Stored data:

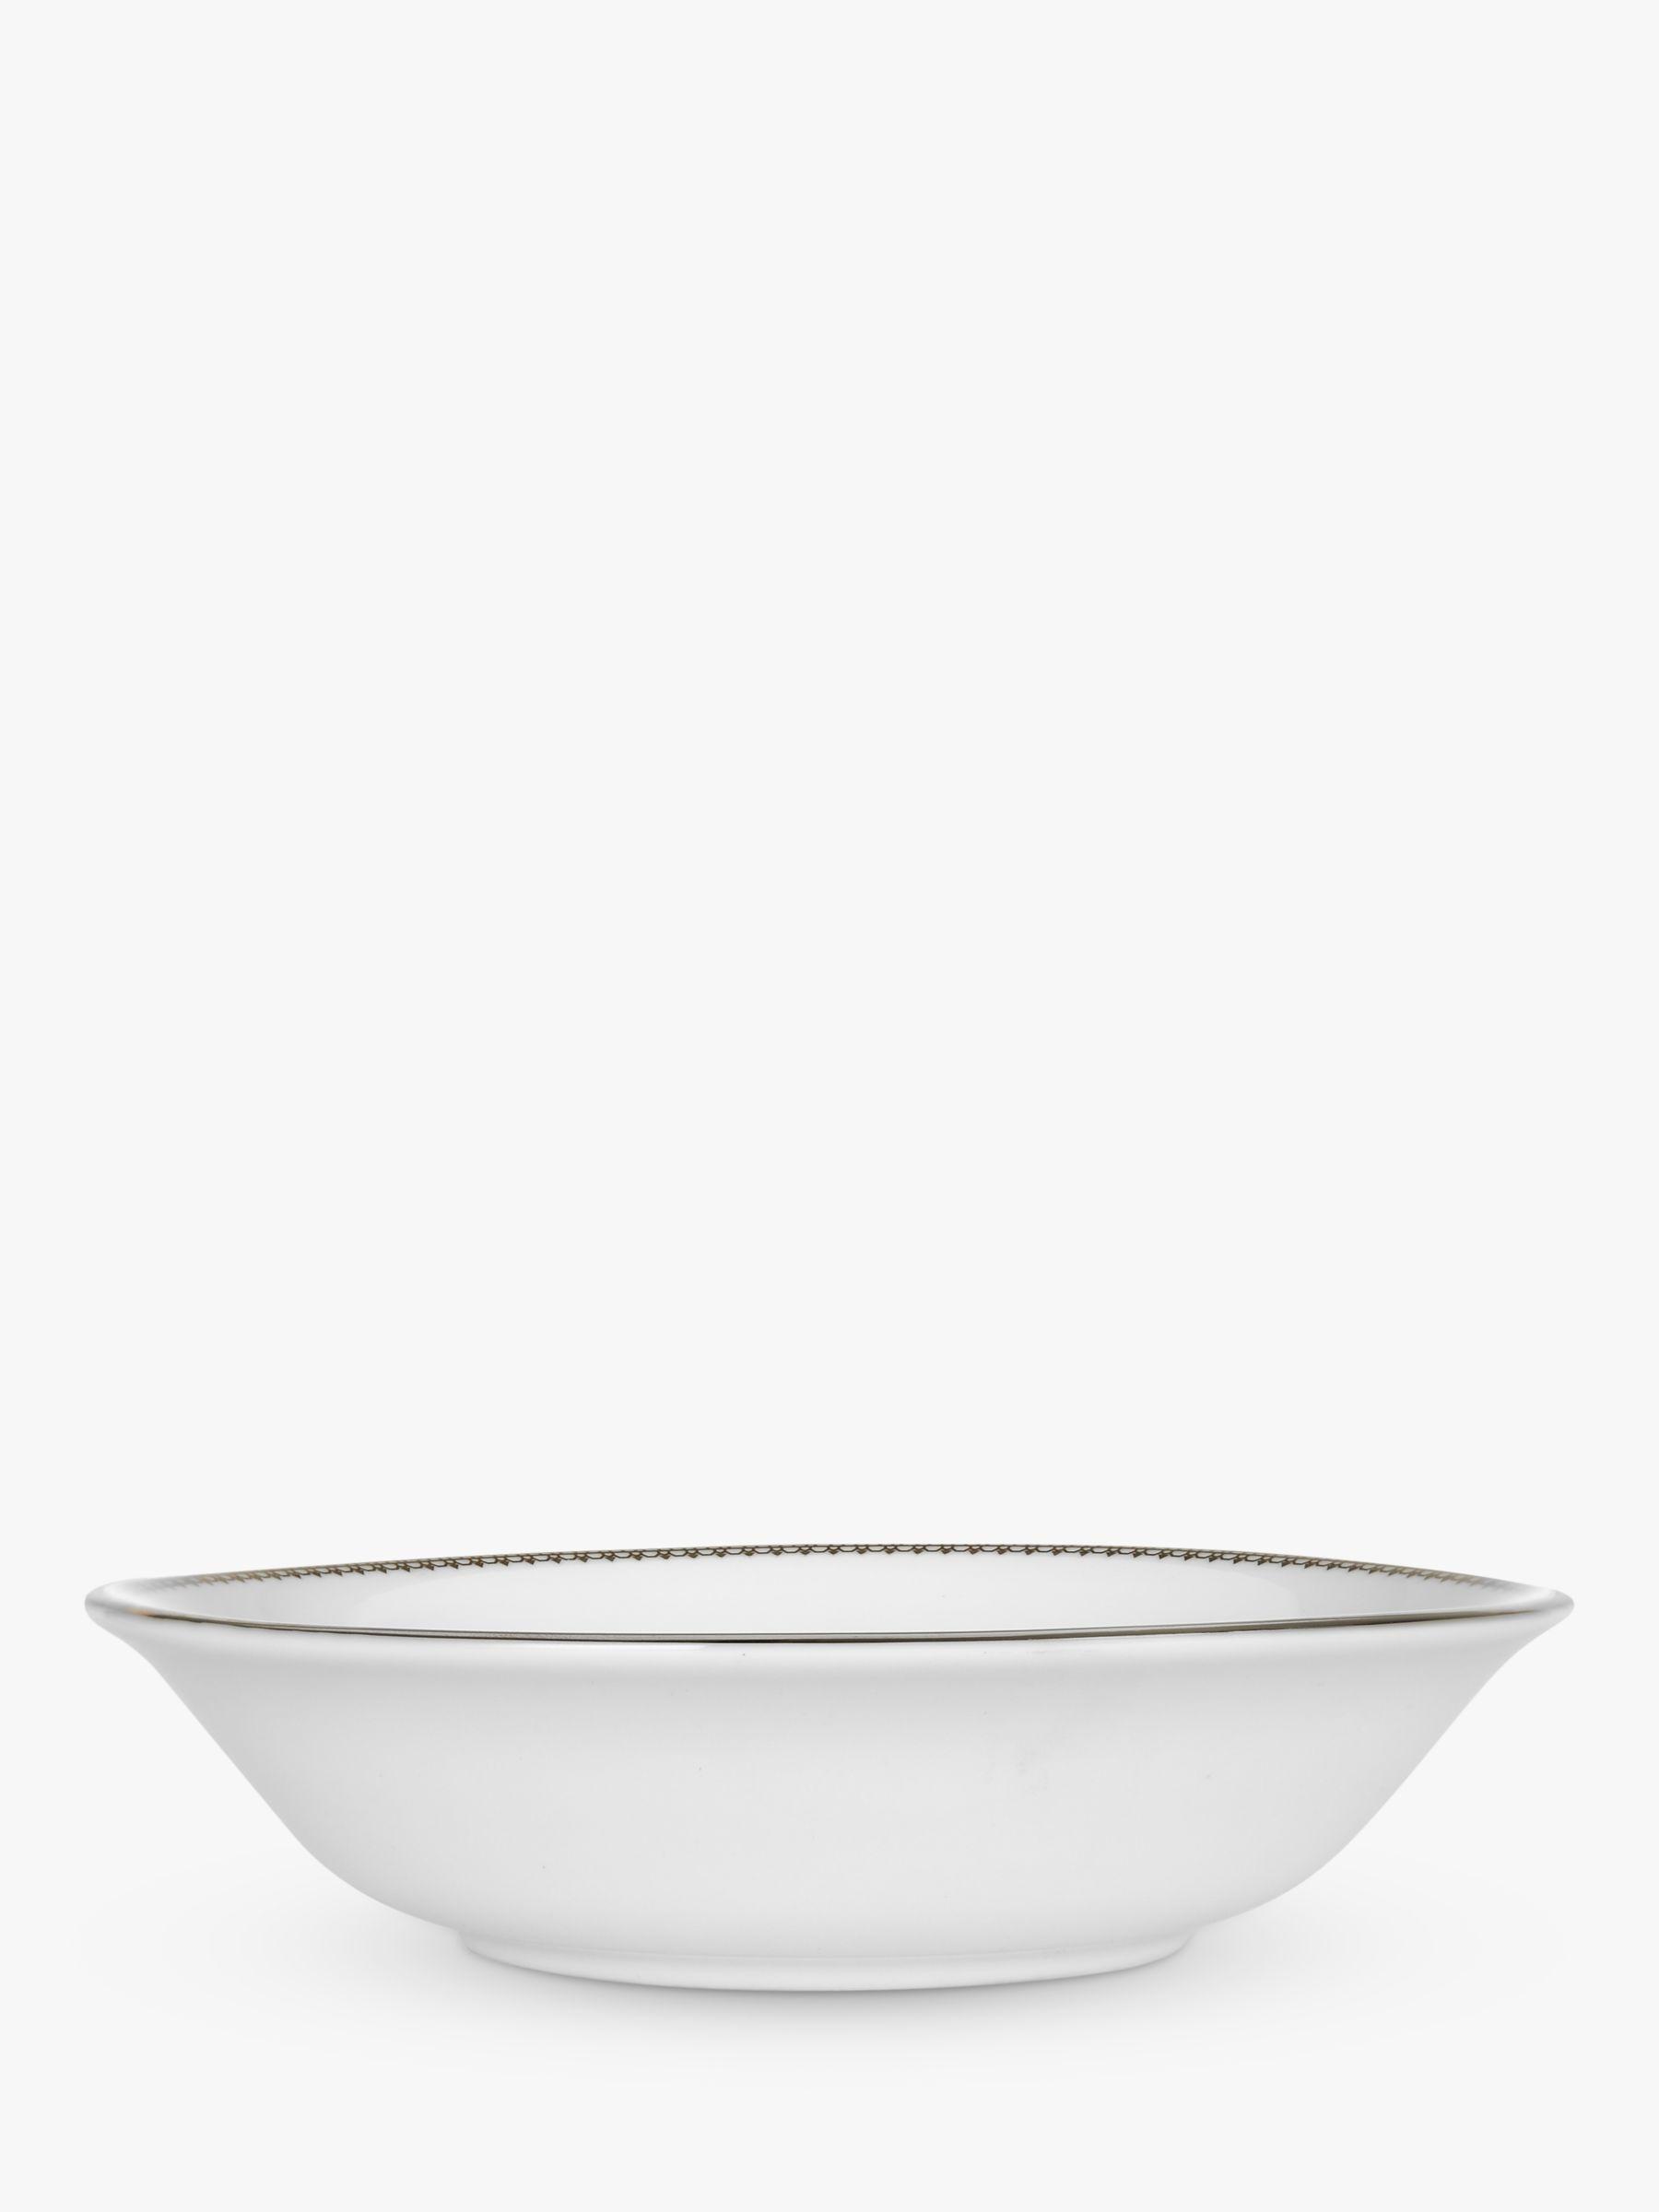 Vera Wang for Wedgwood Vera Wang for Wedgwood Lace Platinum 15cm Cereal Bowl
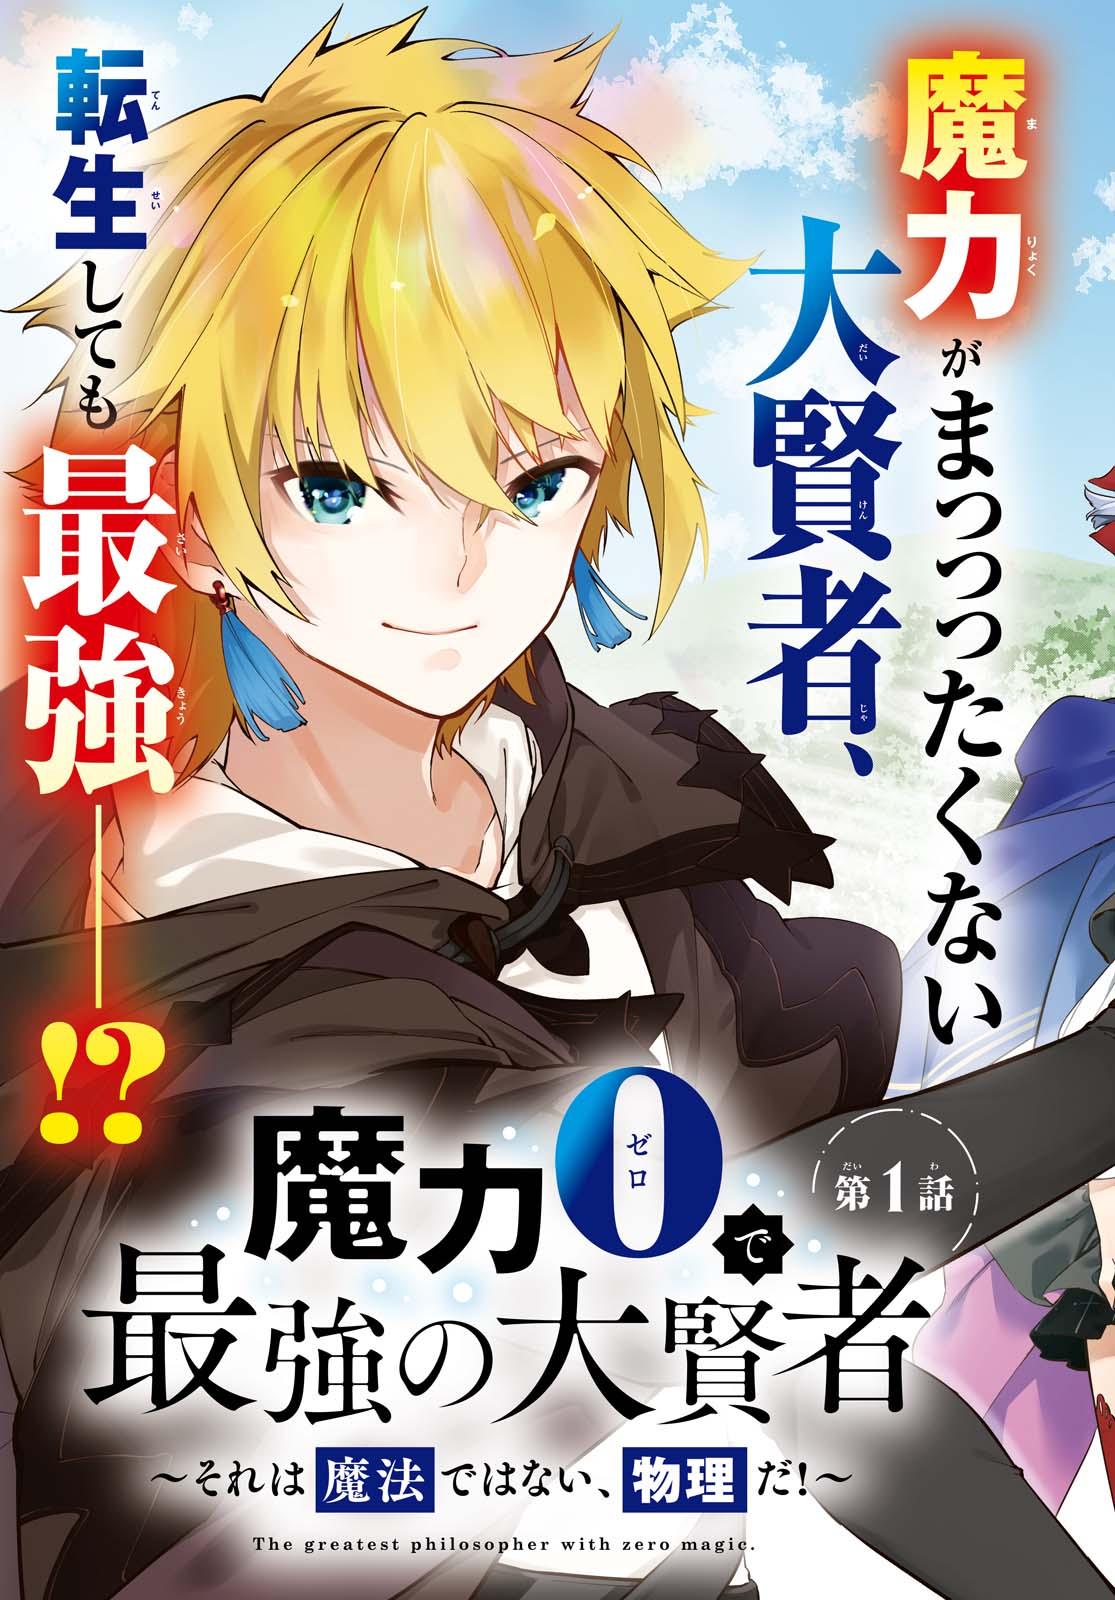 Maryoku 0 de Saikyou no Daikenja ~Sore wa Mahou dewa Nai, Butsuri da!~
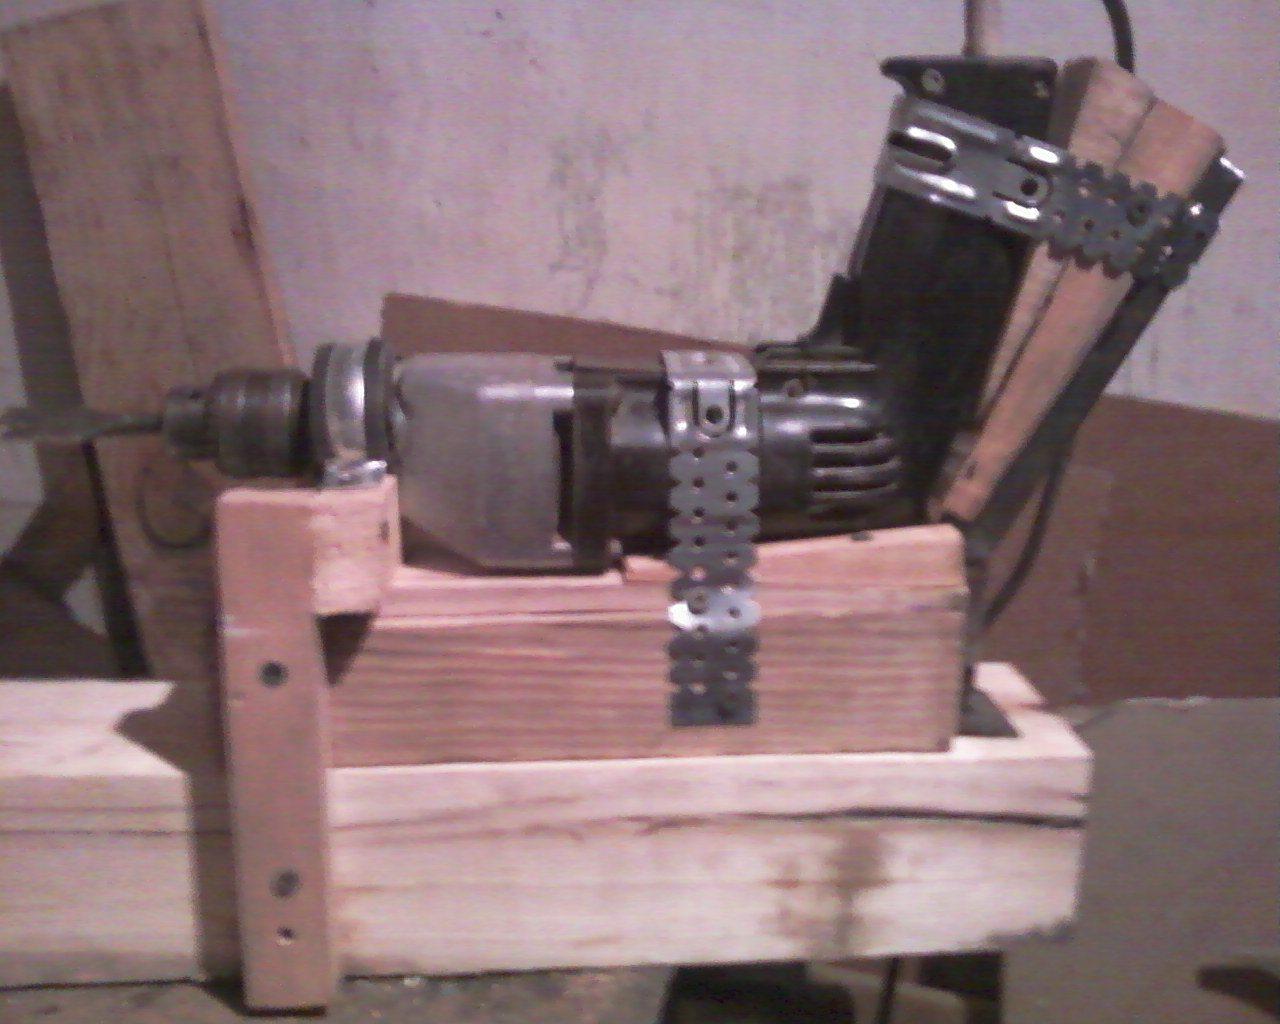 Простейший сверлильный станок, сделанный своими руками

Exercise prompt:
Could you restate the material word for word, omitting the pictures?

Completed task:
 Vera Wang for Wedgwood Vera Wang for Wedgwood Lace Platinum 15cm Cereal Bowl
 Maryoku 0 de Saikyou no Daikenja ~Sore wa Mahou dewa Nai, Butsuri da!~
 Простейший сверлильный станок, сделанный своими руками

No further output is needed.